- Ka-Zar with his Smilodon Zabu. Art by Mike Mayhew.

Publication information
- Publisher: Marvel Comics
- First appearance: The X-Men #10 (March 1965)
- Created by: Stan Lee Jack Kirby

In-story information
- Alter ego: Kevin Reginald Plunder
- Place of origin: Savage Land
- Team affiliations: Agents of Wakanda Captain Britain Corps Excalibur
- Partnerships: Zabu Shanna the She-Devil
- Notable aliases: Kazar of the Savage Land Lord of the Hidden Jungle
- Abilities: Near-superhuman strength and endurance; Ability to communicate with some animals; Skilled hunter, trapper, fisherman, forager; Survival expert;

= Ka-Zar (Kevin Plunder) =

Fictional character appearing in American comic books published by Marvel Comics

Kevin Reginald Plunder, also known as Ka-Zar, (Note: /ˈkeɪzɑːr/ KAY-zar, /ˈkeɪsɑːr/ KAY-sar) is a superhero appearing in American comic books published by Marvel Comics. Created by writer Stan Lee and artist Jack Kirby, the character first appeared in The X-Men #10 (March 1965). Kevin Plunder is the second character to use the codename Ka-Zar.

==Publication history==

Cover to the X-Men #10 the first appearance of Ka-Zar and his sabretooth tiger, Zabu; art by Jack Kirby.

The second Ka-Zar started as a character similar to the first Ka-Zar, but also reminiscent of both Tarzan and of writer-artist Joe Kubert's 1950s caveman character, Tor. Created by Stan Lee and Jack Kirby in The X-Men #10 (March 1965), he lives in the dinosaur-populated Savage Land, which was hidden in Antarctica by extraterrestrials. The character was based on his pulp magazine namesake only to the extent that he used the same name and rough "jungle lord" concept, and Lee later admitted that he had never even read any of the original Ka-Zar stories.

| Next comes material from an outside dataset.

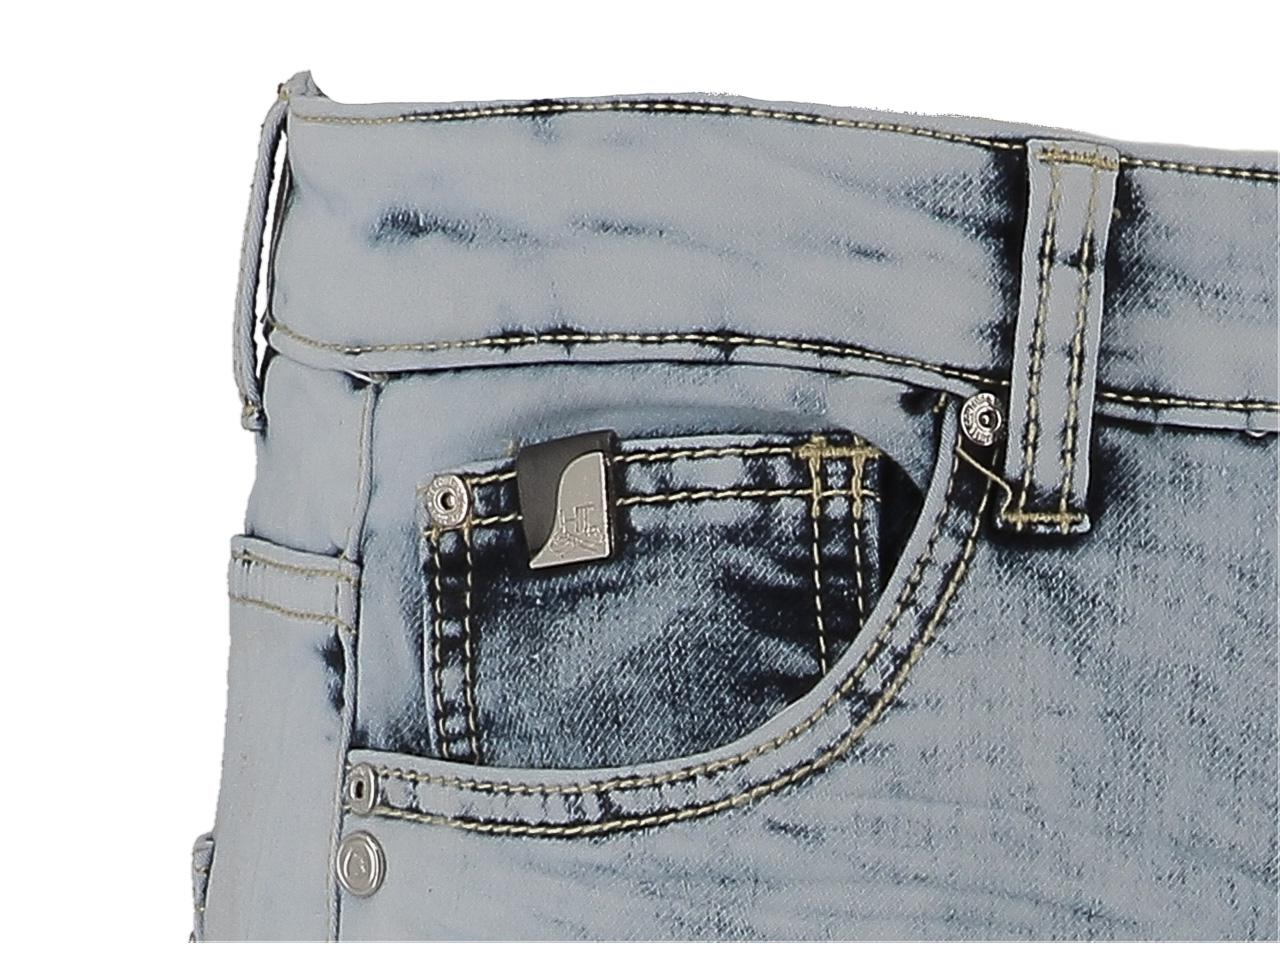 Bermuda-Shorts-Hite-Couture-Spill-Denim-Blue-Bermuda-Blue-11588-New thumbnail 3
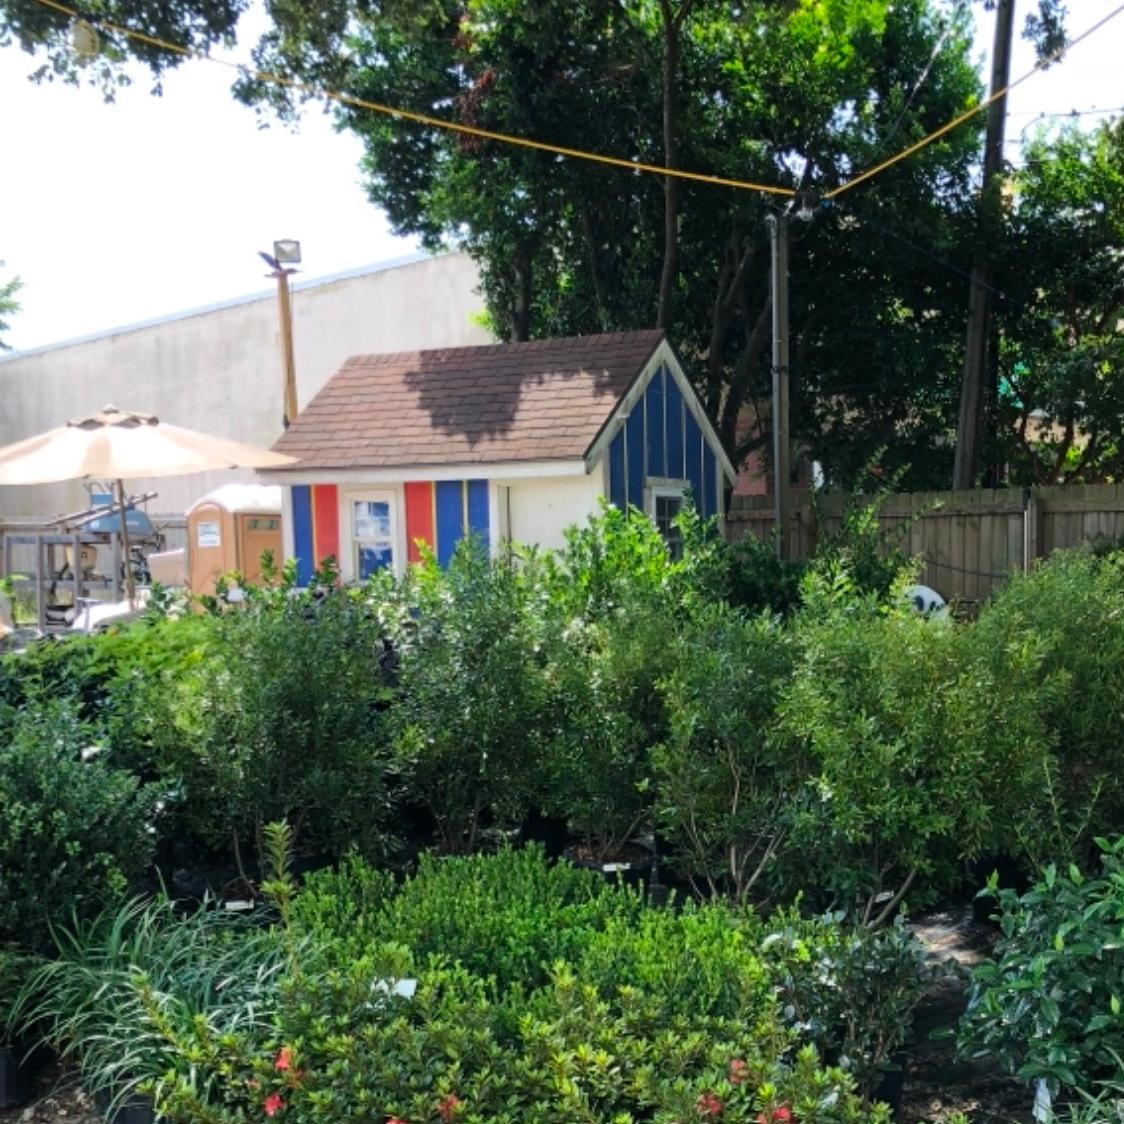 Buenavista's Landscaping

Originally written as a primitive and belligerent savage who spoke in broken English, Ka-Zar later became more articulate and civilized, although he retained a certain degree of distrust toward civilization and was generally wary of outside visitors to the Savage Land. Kevin Plunder refers to himself as the "Lord of the Savage Land", a phrase others have adopted, but this is not a formal title.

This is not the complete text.